What’s your favourite artwork and why?

“If I am honest, my favourite artwork is often one I have not yet finished. The Illumination triptych — three nocturnal photographs of the Marcia Funebre procession at the Prediger in Schwäbisch Gmünd, taken on Good Friday — is the work that currently lives closest to me. Not because it is the most technically accomplished, but because it arrived at the exact moment it needed to. Holy Week, candlelight, a crowd moving through darkness in collective silence: I did not plan to make art that evening. I went as a witness. The camera was almost an afterthought. And yet those three frames hold something I have been circling around for years — the question of what remains of the sacred when it enters public space, when it becomes image, when it is watched by strangers who may or may not believe.

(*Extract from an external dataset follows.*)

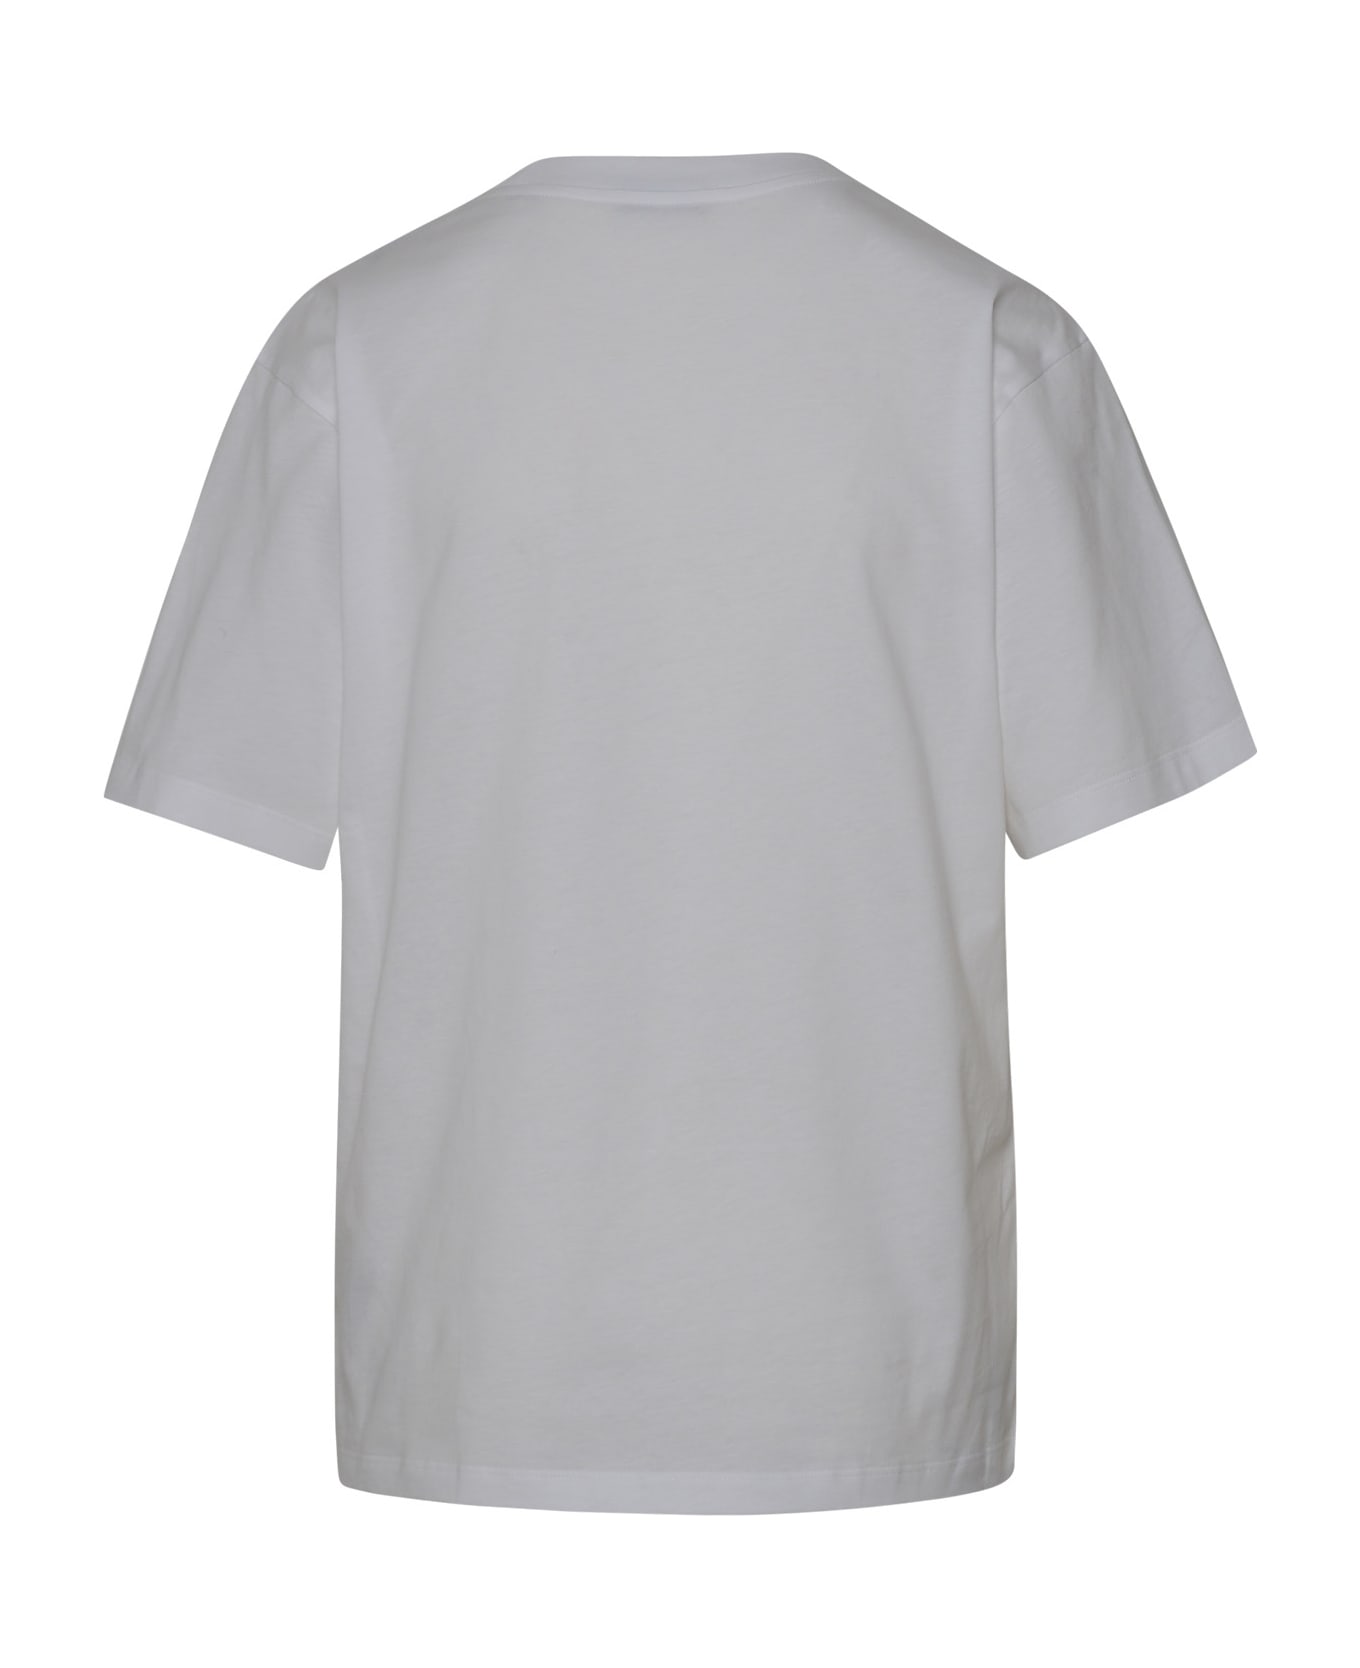 Moncler White Cotton T-shirt - White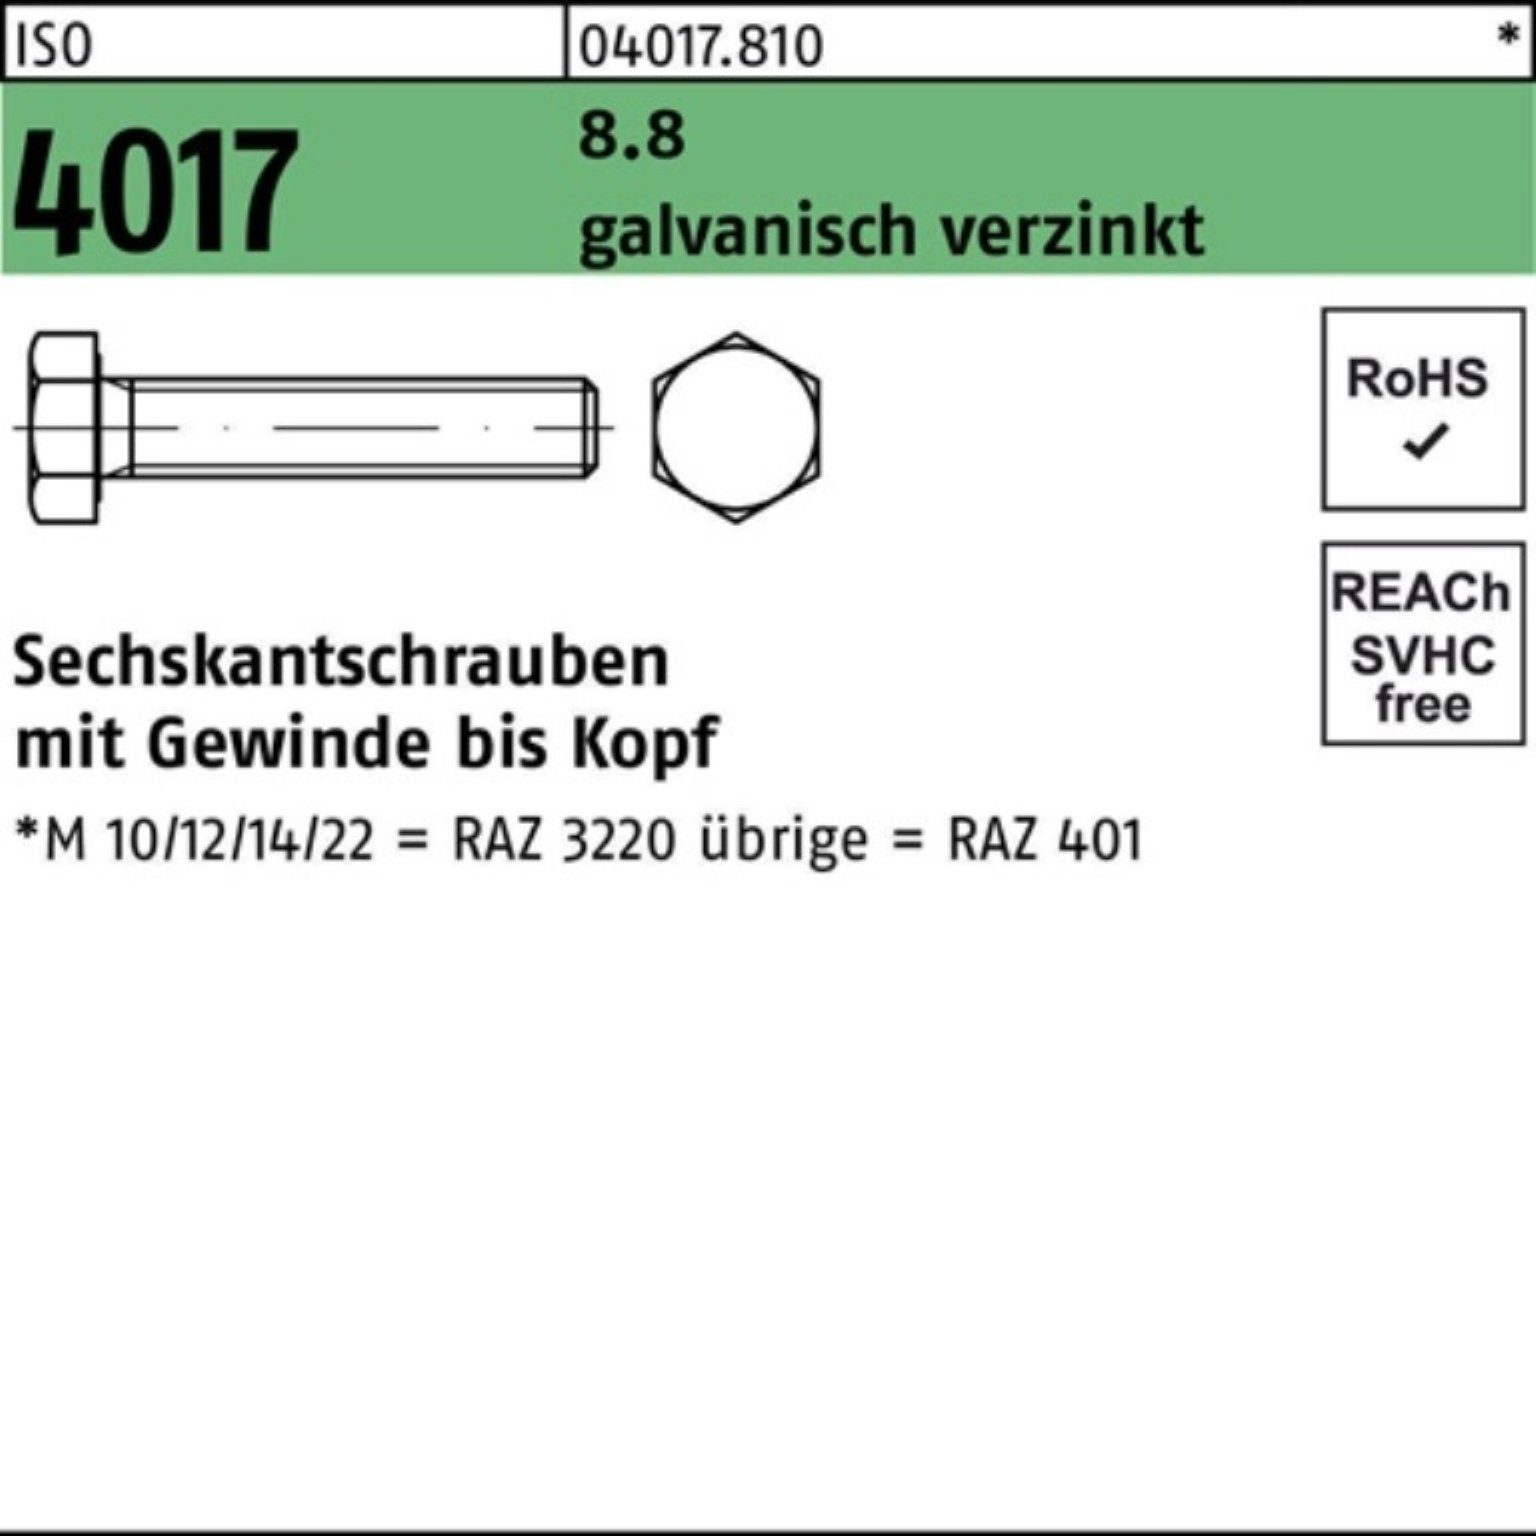 Bufab Sechskantschraube 200er galv.verz. 8.8 Pack 200 VG Sechskantschraube M10x 4017 ISO St 14

But there is another diptych still in the making that I already love: a work centred on a penthouse extension — the kind of architectural gesture that is simultaneously aspirational and absurd, hovering above the city with a strange mixture of ambition and vulnerability. That tension between elevation and exposure, between the desire to rise and the comedy of doing so in concrete and glass, is exactly the territory where Guerilla Diptychon feels most alive to me. Serious and funny at once.

Beyond my own work, the piece I return to most is Yves Klein's Le Vide — the 1958 exhibition where he emptied a gallery entirely and declared the void itself the artwork. That audacity has never left me. It is behind every diptych I make: the conviction that the gap between the two images — the silence between document and speculation — is where the actual work happens. The void is not nothing. It is the most charged space in the room.”

Have you had any noteworthy exhibitions you'd like to share?

“Guerilla Diptychon is a young project, and I have deliberately chosen to build it with patience — the work is not yet ready for every wall, and I would rather wait for the right context than rush toward visibility for its own sake.

That said, the project has already found significant public presence. The Holy Week 2026 campaign — ten simultaneous Reels launched across multiple languages, invoking an inverted Babel concept — reached audiences across Instagram in German, Italian, English, Portuguese, French, and Spanish. The Illumination chapter, released on Good Friday, generated strong and immediate response. The digital space has been, from the beginning, a genuine exhibition venue for this work — not a placeholder for a future gallery show.

I am actively exploring submission to the Time Space Existence exhibition in Venice for 2027, one of the most significant parallel programs to the Architecture Biennale. And a physical exhibition at the Johanniskirche in Schwäbisch Gmünd is already confirmed for autumn 2026 — a space that carries its own quiet logic: the exact perspective from which Guerilla Domus was born is visible from there. A home within a home. The work returns to where it first saw.”